The performance of EJB-based J2EE systems overwhelmingly
depends on getting the design right. Use performance-optimizing
design patterns: Value Object, Page-by-Page Iterator,
ValueListHandler, Data Access Object, Fast Lane
Reader, Service Locator, Verified Service Locator,
EJBHomeFactory, Session Façade,
CompositeEntity, Factory, Builder, Director,
Recycler, Optimistic Locking, Reactor, Front Controller, Proxy,
Decorator, and Message Façade.
Explicitly remove beans from the container when a session is expired.
Leaving beans too long will get them serialized by the container,
which can dramatically decrease performance.

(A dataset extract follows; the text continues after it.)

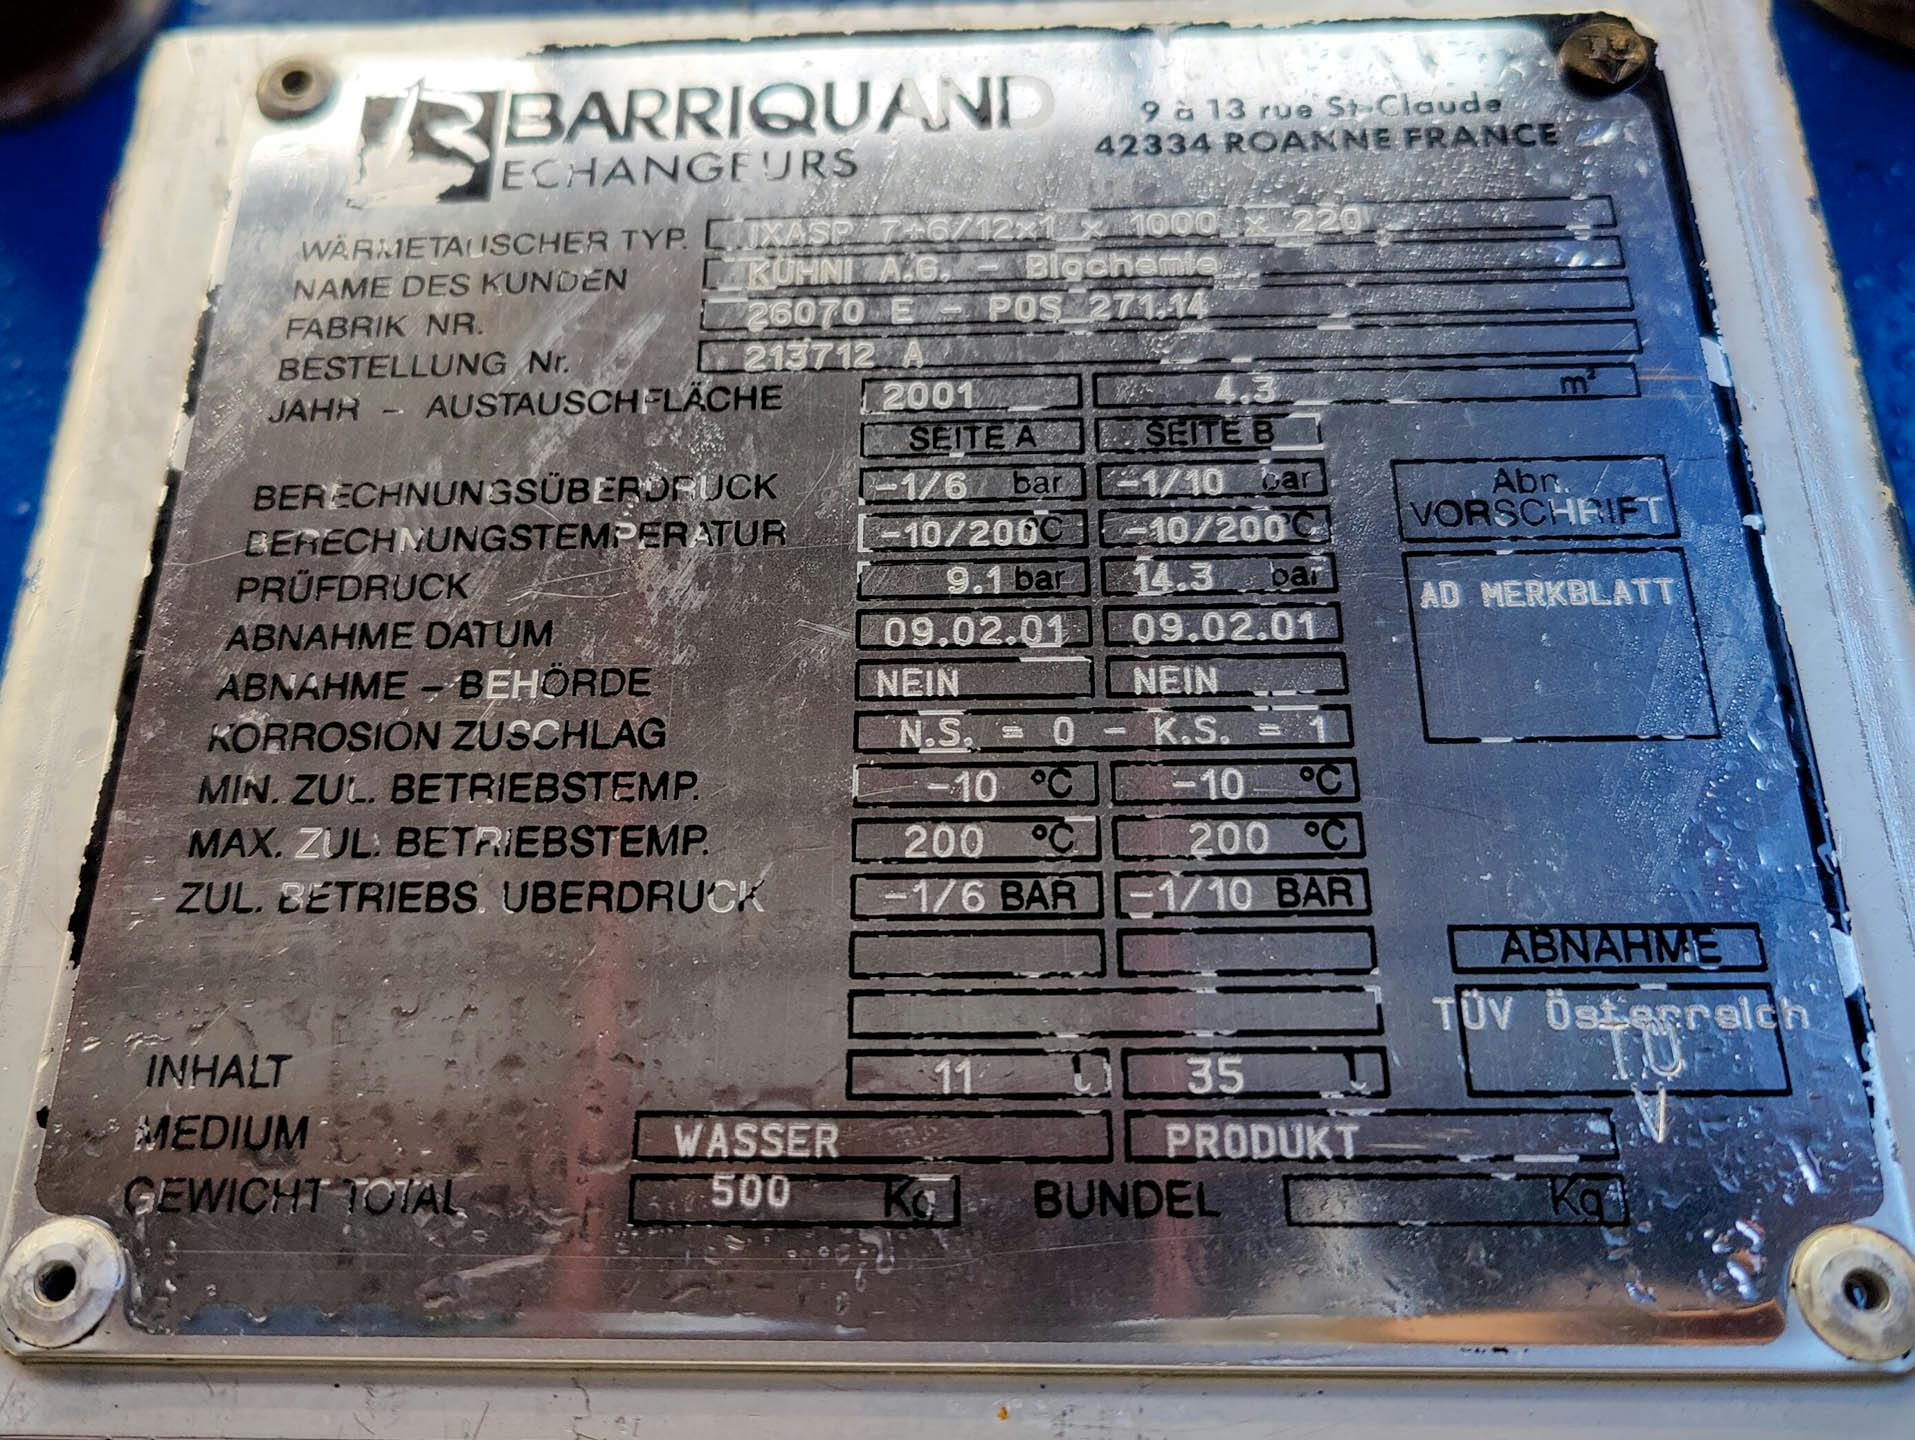 Barriquand IXASP716/12x1x1000x220 - Intercambiador de calor de placas - image 7

Coarse-grained EJBs are faster. Remote EJB calls should be combined
to reduce the required remote invocations.
Design the application to access entity beans from session beans.
Collocated EJBs should be defined as Local EJBs (from EJB 2.0),
collocated within an application server that can optimize local EJB
communications, or built as normal JavaBeans and then wrapped in an
EJB to provide one coarse-grained EJB
(CompositeEntity design pattern).
EJBs should not be simple wrappers on database data rows; they should
have business logic. To simply access data, use JDBC directly.
Stateless session beans are faster than stateful session beans. If
you have stateful beans in your design, convert them to stateless
session beans by adding parameters that hold the extra state to the
bean methods.
Optimize read-only EJBs to use their own design, their own
application server, read-only transactions, and their own optimal
configuration.
Cache JNDI lookups.
Use container-managed persistence (CMP) by default. Profile the
application to determine which beans cause bottlenecks from their
persistency, and implement bean-managed persistence (BMP) for those
beans.
Use the Data Access Object design pattern to abstract your BMP
implementations so you can take advantage of optimizations possible
when dealing with multiple beans or database-specific features.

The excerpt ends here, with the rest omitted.